Abstract:Video action recognition (VAR) plays crucial roles in various domains such as surveillance, healthcare, and industrial automation, making it highly significant for the society. Consequently, it has long been a research spot in the computer vision field. As artificial neural networks (ANNs) are flourishing, convolution neural networks (CNNs), including 2D-CNNs and 3D-CNNs, as well as variants of the vision transformer (ViT), have shown impressive performance on VAR. However, they usually demand huge computational cost due to the large data volume and heavy information redundancy introduced by the temporal dimension. To address this challenge, some researchers have turned to brain-inspired spiking neural networks (SNNs), such as recurrent SNNs and ANN-converted SNNs, leveraging their inherent temporal dynamics and energy efficiency. Yet, current SNNs for VAR also encounter limitations, such as nontrivial input preprocessing, intricate network construction/training, and the need for repetitive processing of the same video clip, hindering their practical deployment. In this study, we innovatively propose the directly trained SVFormer (Spiking Video transFormer) for VAR. SVFormer integrates local feature extraction, global self-attention, and the intrinsic dynamics, sparsity, and spike-driven nature of SNNs, to efficiently and effectively extract spatio-temporal features.

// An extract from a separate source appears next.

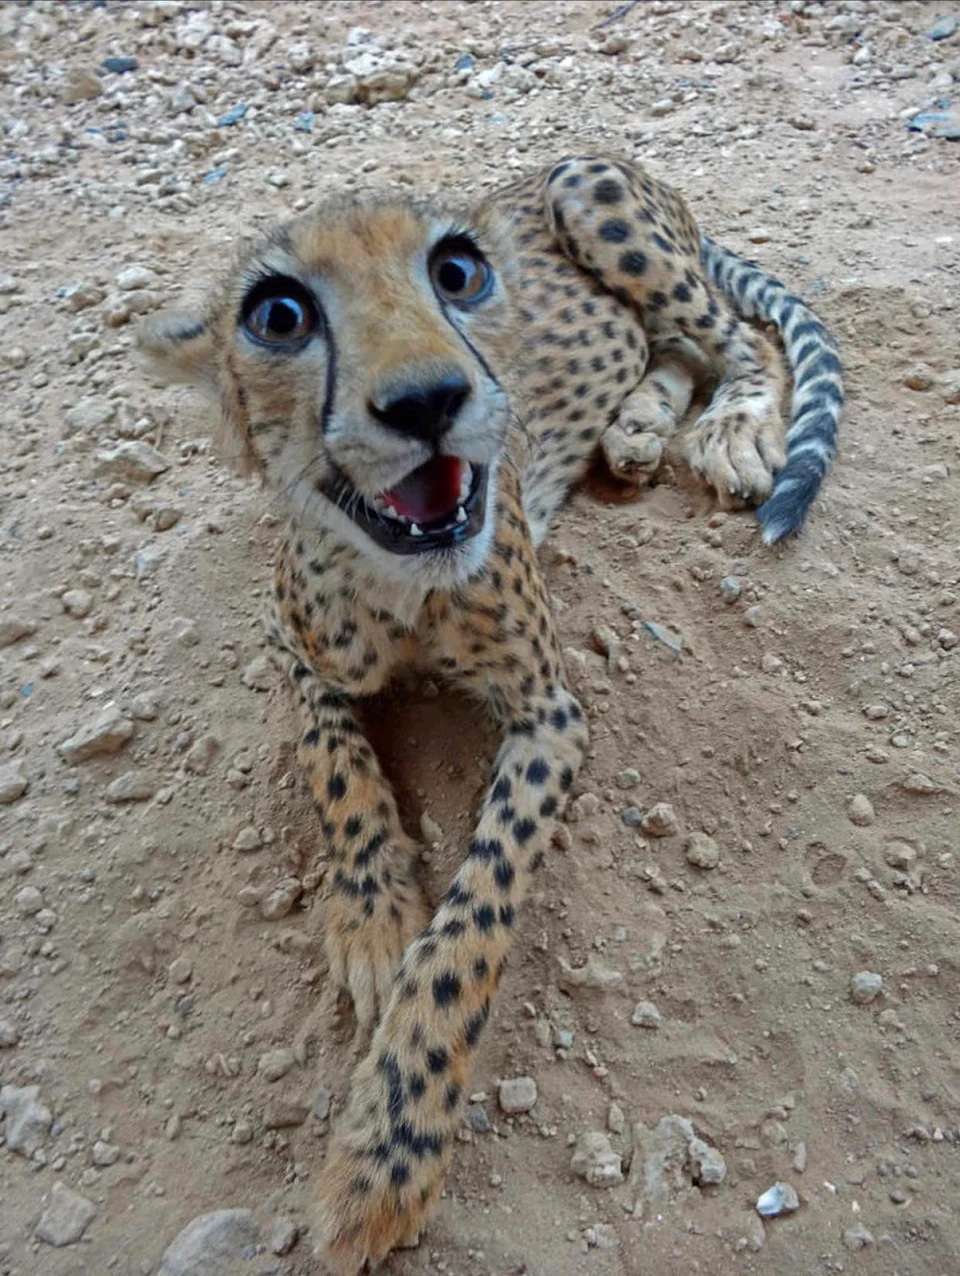 Female cheetah looking as happy as could be

We evaluate SVFormer on two RGB datasets (UCF101, NTU-RGBD60) and one neuromorphic dataset (DVS128-Gesture), demonstrating comparable performance to the mainstream models in a more efficient way. Notably, SVFormer achieves a top-1 accuracy of 84.03% with ultra-low power consumption (21 mJ/video) on UCF101, which is state-of-the-art among directly trained deep SNNs, showcasing significant advantages over prior models.